J Biomech. 2023 Aug;157:111714. doi: 10.1016/j.jbiomech.2023.111714. Epub 2023 Jul 4.
2
Estimation of the External Knee Adduction Moment during Gait Using an Inertial Measurement Unit in Patients with Knee Osteoarthritis.基于惯性测量单元的膝关节骨关节炎患者步态时外展力矩的估算。
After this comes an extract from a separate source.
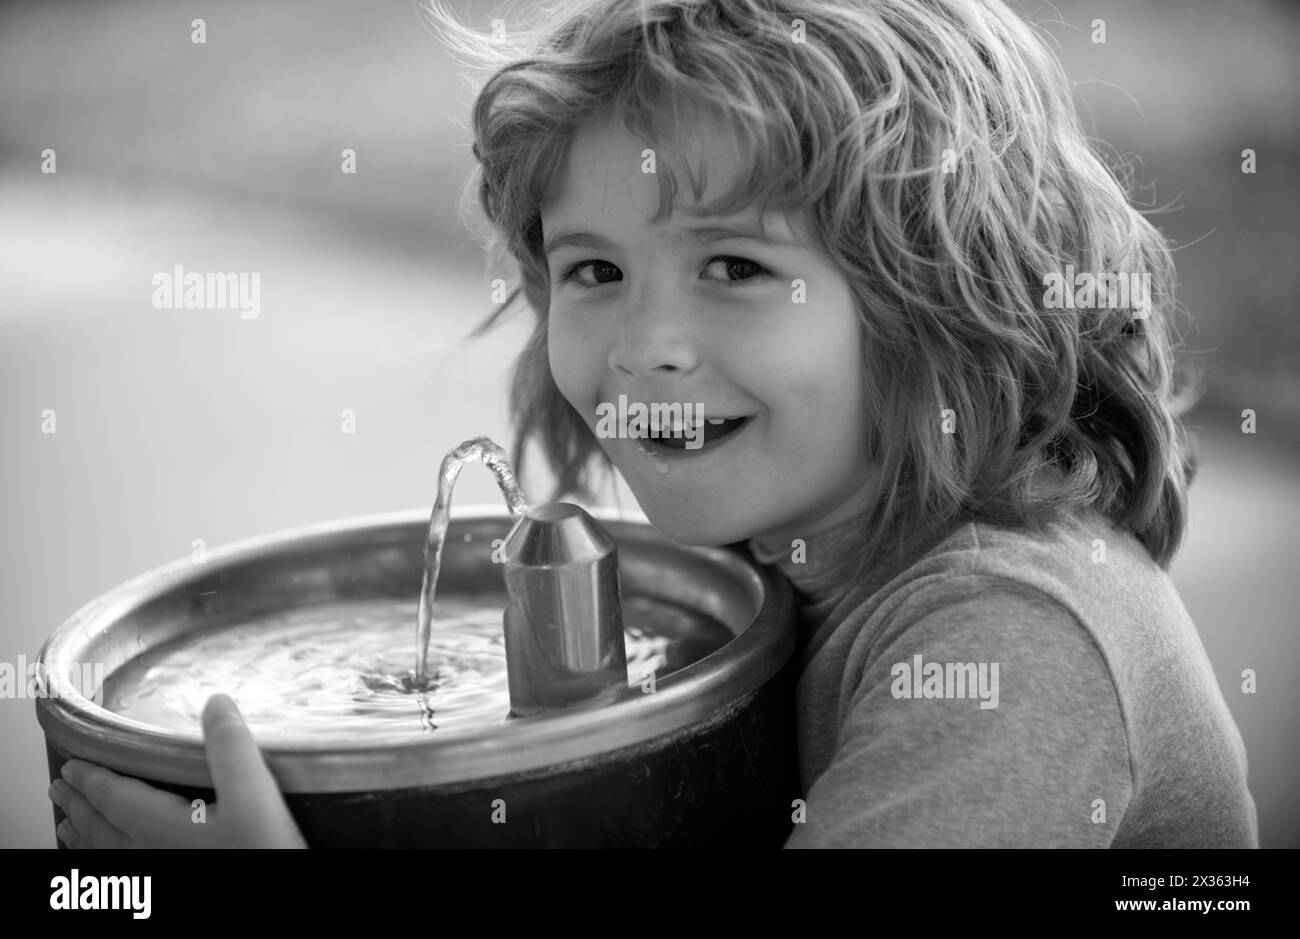 Face close up portrait of kid drinking water from outdoor water fountain outdoor. Stock Photo

Sensors (Basel). 2021 Feb 18;21(4):1418. doi: 10.3390/s21041418.
3
Side to side kinematic gait differences within patients and spatiotemporal and kinematic gait differences between patients with severe knee osteoarthritis and controls measured with inertial sensors.使用惯性传感器测量严重膝关节骨关节炎患者与对照组患者之间的侧向运动学步态差异和时空步态差异。
Gait Posture. 2021 Feb;84:24-30. doi: 10.1016/j.gaitpost.2020.11.015. Epub 2020 Nov 18.
4
Quantifying varus thrust in knee osteoarthritis using wearable inertial sensors: A proof of concept.使用可穿戴惯性传感器定量测量膝骨关节炎的内翻推力:概念验证。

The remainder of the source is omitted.